Is there any other better way to do it? I want to improve my function different. List size may be greater than 100,000.

# Solutions time comparisons

When there are so many different approaches to a problem, time comparisons can really help sort out the better answers.

## Setup

We use an array of size `(200000, 2, 2)` as OP Vincentlai pointed out that is in the range of the expected array size.

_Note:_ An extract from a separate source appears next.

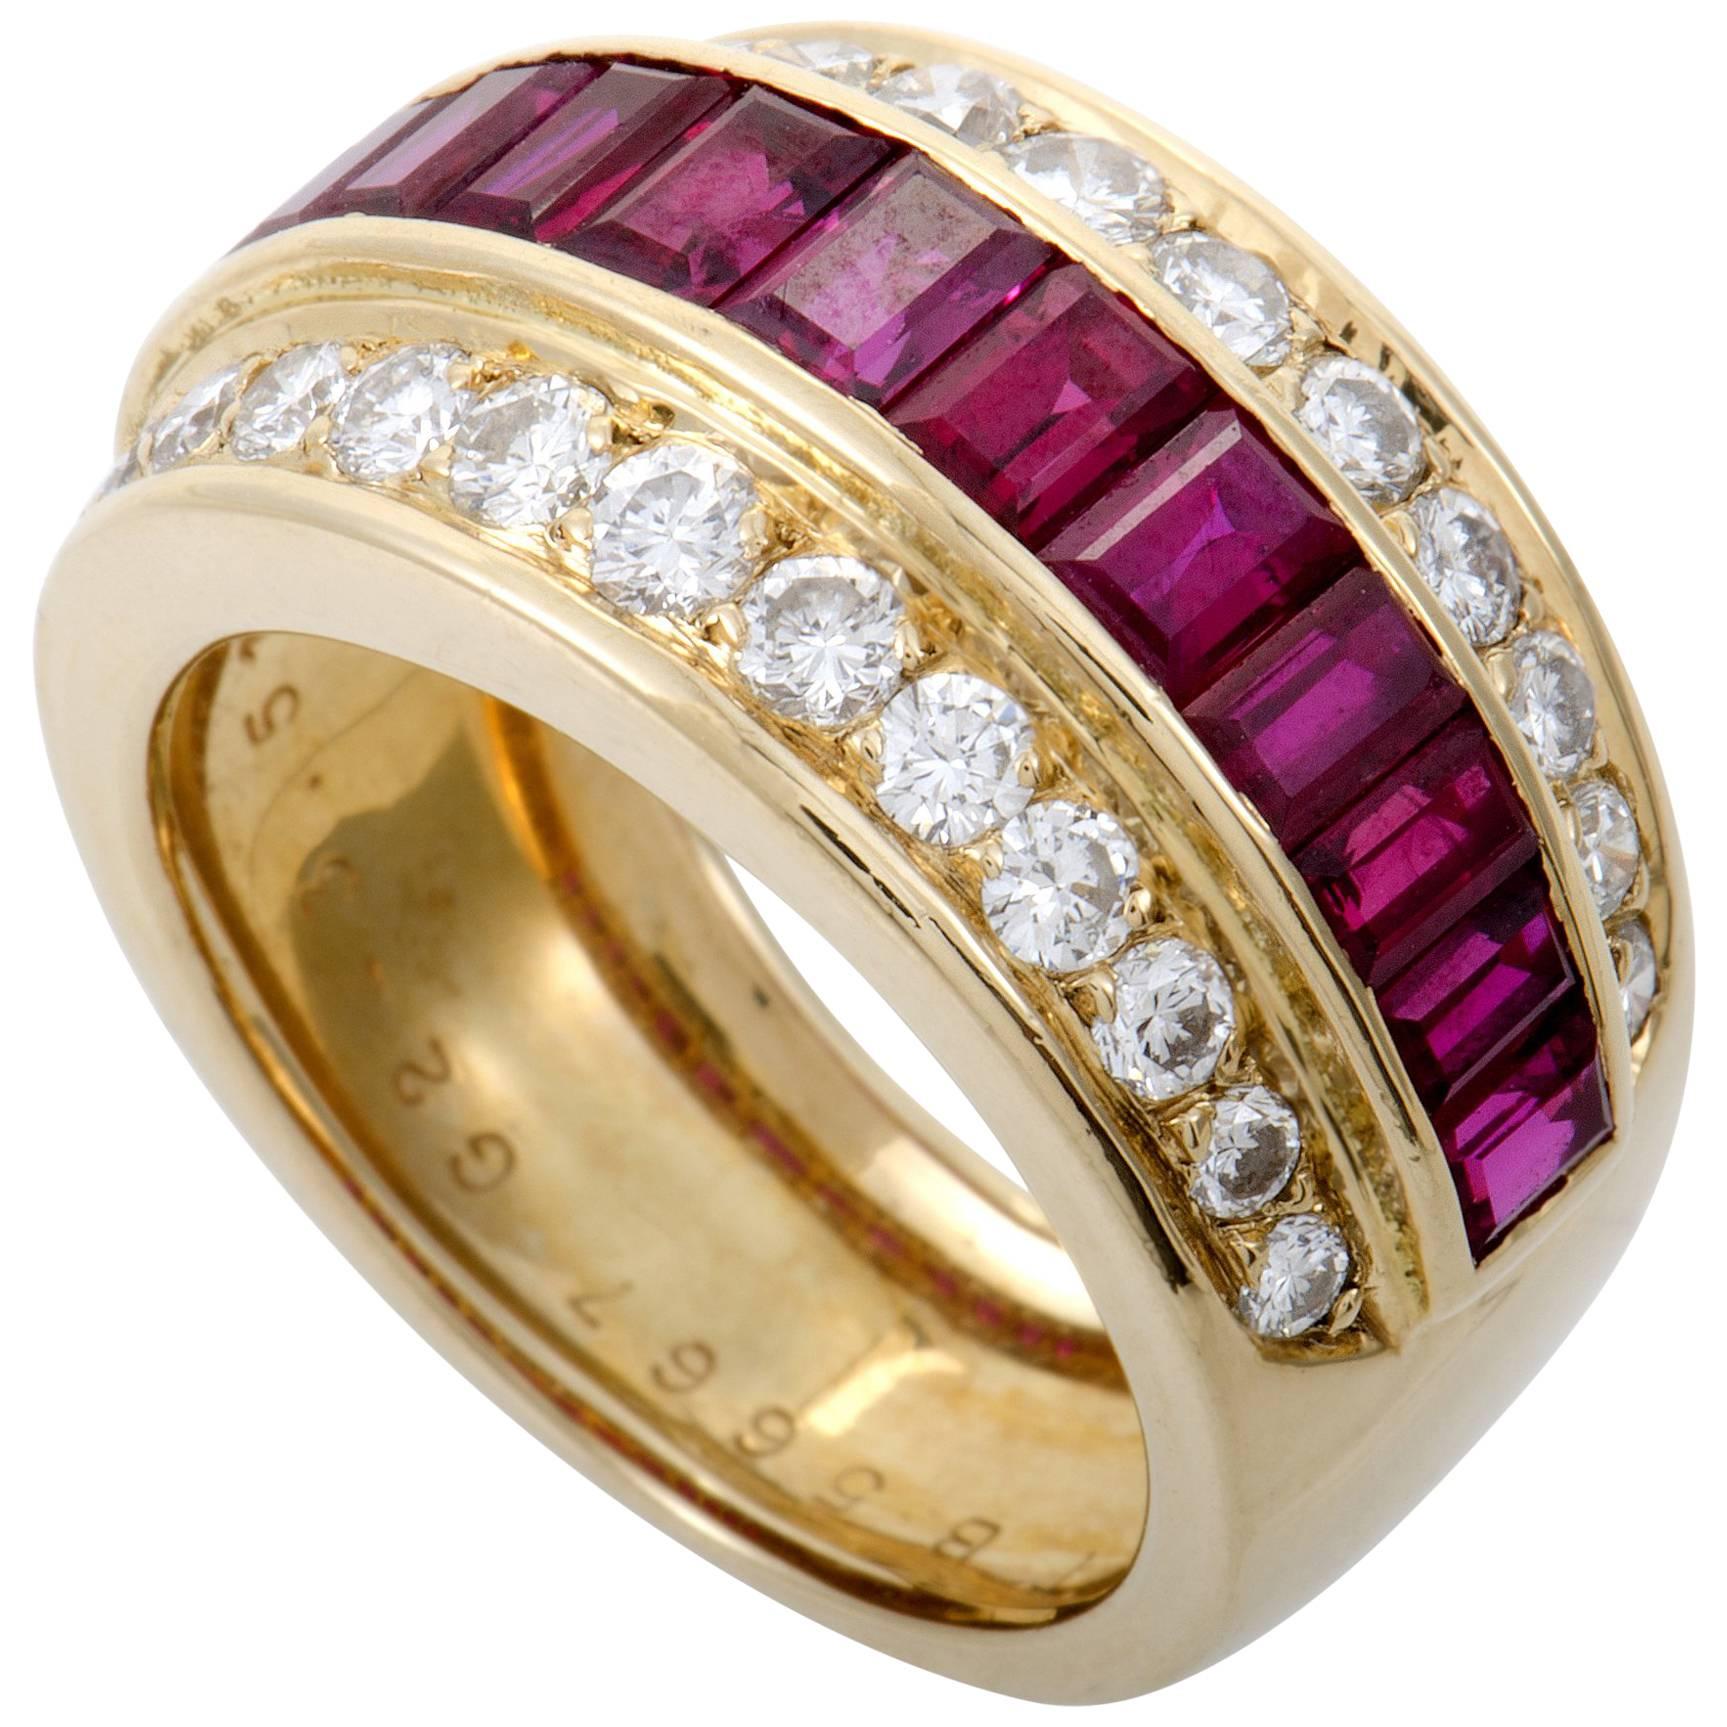 Van Cleef & Arpels Diamond Yellow Gold Invisibly Set Ruby Band Ring

``a = np.array(np.random.randint(10, size=(200000, 2, 2))) ``

## Using Joe answer: `numpy.logical_and`

``%timeit b = a[np.logical_and(a[:,0,0] != a[:,1,0],  a[:,0,1] != a[:,1,1])] >>> 5.12 ms ± 110 µs per loop (mean ± std. dev. of 7 runs, 100 loops each) ``

## Using Coldspeed first answer: vectorised comparison

``%timeit b = a[~(a[:, 0] == a[:, 1]).all(1)] >>> 13.7 ms ± 559 µs per loop (mean ± std. dev. of 7 runs, 100 loops each) ``

## Using Coldspeed second answer: `numpy.logical_or`

``%timeit b = a[np.logical_or.reduce(a[:, 0] != a[:, 1], axis=1)] >>> 13.2 ms ± 498 µs per loop (mean ± std. dev. of 7 runs, 100 loops each) ``

## Using U9 Forward answer: filters

``%timeit b = list(filter(lambda x: x[0]!=x[1],a.tolist())) >>> 102 ms ± 4.02 ms per loop (mean ± std. dev. of 7 runs, 10 loops each) ``

``%timeit b = [[(x1, y1), (x2, y2)] for (x1, y1), (x2, y2) in a if (x1, y1) != (x2, y2)] >>> 752 ms ± 11.6 ms per loop (mean ± std. dev. of 7 runs, 1 loop each) ``
Joe's approach with `numpy.logical_and` is by far the faster one. Predictably, every full python approach falls extremely short to anything numpy.